Education is an important factor in determining the quality of an individual’s life by expanding their knowledge, skills and employment prospects. In 2018, more than 10 million 15-year-old students living in the 79 high- and middle-income countries were not able to complete even the most basic reading tasks in the OECD’s Programme for International Student Assessment.1 Research has found that the educational potential of many children may not be achieved due to exposure to adversity in childhood.2 Childhood injury is a leading contributor to the global disease burden3 with tens of millions of children around the world hospitalised every year for non-fatal injuries that places them at risk for adverse and lasting impacts on their development.4 Variations in the nature and causes of injury through the phases of early childhood, early adolescence and late adolescence5 may also differentially affect key educational milestones.

The association between education and health, and their interplay with social factors in early childhood (eg, stresses imposed by social inequities and marginalisation effects on health over a child’s early-life course), is well established.6 The detrimental influence of poor health on a child’s educational attainment highlights the importance of understanding all aspects of the health of individuals across life stages that determine the health trajectory. This approach has been shown to have a profound impact later into adulthood. Patterns of physical and psychosocial functioning postinjury differ according to the nature of injury sustained for children and adolescents,7 which may limit a child’s academic performance.

Studies investigating the impacts of childhood injury hospitalisation on school academic achievement are few, with the majority related to a brain injury sustained in childhood8 and on the adverse outcomes of burns.9 Only one study has investigated the educational impact of all hospitalised injured children, which took place in New South Wales, Australia, and reported significant increases in failure to meet national minimum standards in learning assessments.

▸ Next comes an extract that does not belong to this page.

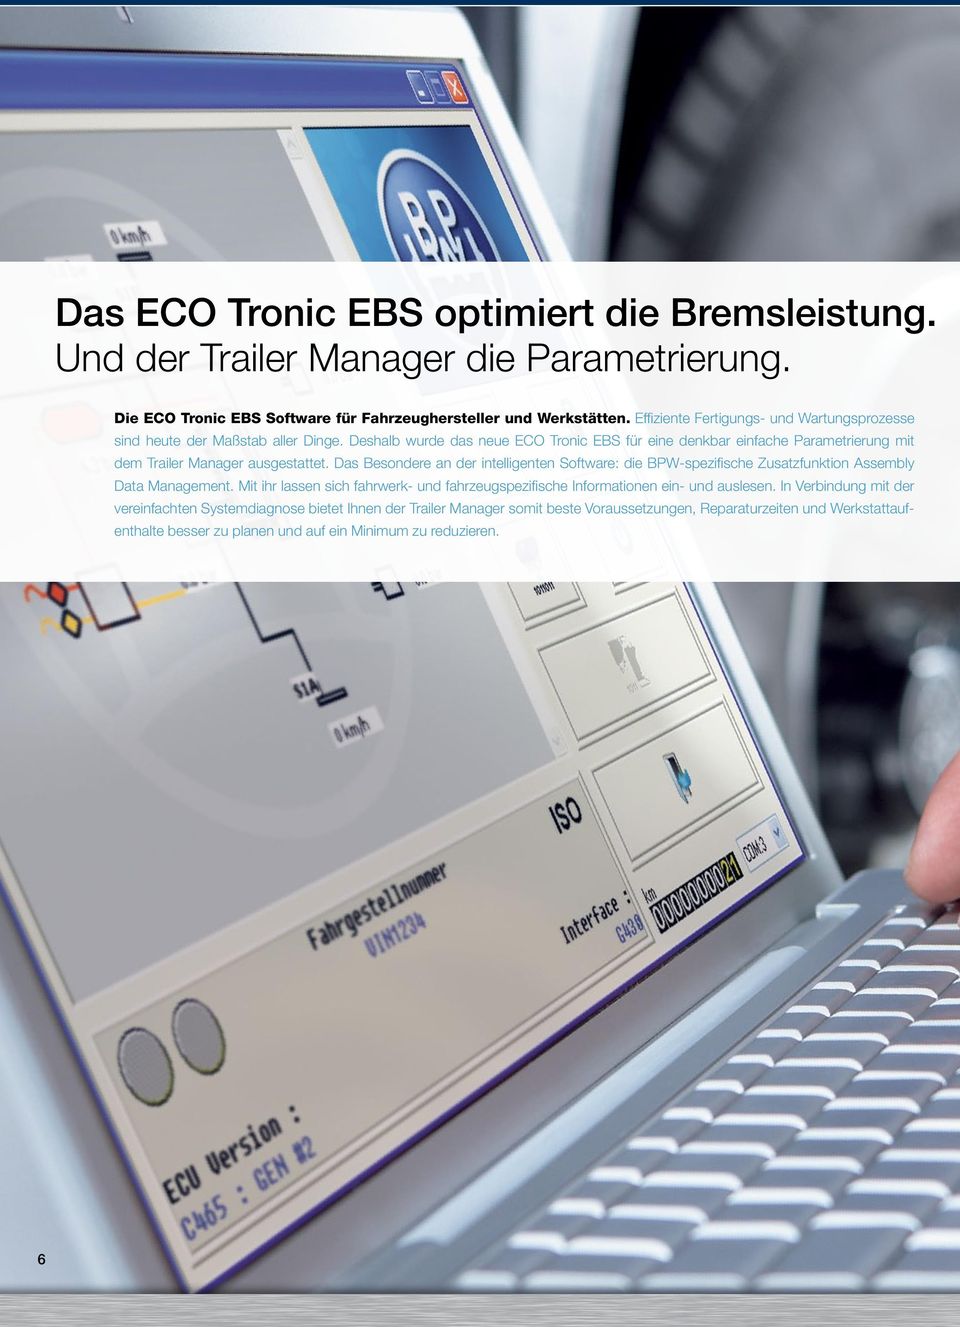 Deshalb wurde das neue ECO Tronic EBS für eine denkbar einfache Parametrierung mit dem Trailer Manager ausgestattet.

To date, while studies have investigated the impact of the severity of an injury and specific injuries (eg, burns) no study has examined the impact of all types of an injury, injury mechanism and intent on school performance. The aim of this study was to investigate the association of injury-related hospital admissions on school academic performance using population-based linked data in Wales, UK.

Methods and analysis

Included datasets

This study used the Secure Anonymised Information Linkage (SAIL) databank10 linking Tagged Electronic Cohort Cymru data from the Wales Electronic Cohort for Children (WECC) (online supplemental table S1), with secondary healthcare data.11 ,42 All children born in Wales between 1 January 1990 and 5 February 2018 were included in this cohort. These data were made available for the paediatric Validating Injury Burden Estimates Study (VIBES-Junior)12 (SAIL project 0794).

Supplemental material

The final data set used for this study consisted of 55 587 children with 105 394 hospital records (figure 1). The large drop in cases was primarily due to three factors: (1) the non-availability of computerised educational data (ie, no outcome data) for some of the period, (2) the requirement for exclusion of children born outside Wales and (3) the restriction to children experiencing an injury hospital admission.

Figure 1

Flow chart of inclusions/exclusions. CSI, Core Subject Indicator; KS, key stage.


The Core Subject Indicator was the primary outcome for this study (table 1). The first educational key stage (KS) statutory assessment 0/1 was excluded in this study due to key changes in the measurements during the time period rendering the measure potentially unstable, leaving three time points used in the longitudinal analysis. Details of the outcome, demographic and school variables are outlined in table 1.

Table 1

Outcome, time, demographic and school measures

An injury hospitalisation prior to KS was identified based on the age of the child at hospitalisation being less than the child’s age at a KS. The most severe injury diagnosis prior to the KS and associated mechanism and intent were classified using International Classification of Diseases 10th Revision. Injury diagnosis was mapped to the 2013 Global Burden of Disease (GBD2013) study injury health states13 and collapsed into 22 groups (table 2). Injury severity was based on the GBD2013 order with the exception of moderate to severe traumatic brain injury (TBI) due to the expectation that these injury types would have a greater impact on educational trajectories in children compared with adults. The most severe injury for a child travelled with them through time to each KS, unless a more severe injury prior to the KS was sustained (figure 2). Mechanism and intent of injury at each KS was matched to most severe injury (table 2). The maximum number of injury-related admissions per KS was collapsed into four categories.

Figure 2

Examples of injury classification through time. KS, key stage.

Table 2

Key stage GBD 2013 injury, mechanism and intent groups

The hospital admission status was derived from the Patient Episode Dataset for Wales (PEDW) database and children were categorised based on their interaction with inpatient services. The definition of an injury admission excluded any complications/sequelae (ie, ICD10 T80–T98) due to the primary goal of this study being to investigate the impact on educational attainment related to the first injury presentation. The length of stay (LOS) was calculated using the minimum hospital admission date to maximum discharge date per patient and admission. This ensured there would be one overall LOS per hospital admission even if a child moved between hospitals (eg, for treatment).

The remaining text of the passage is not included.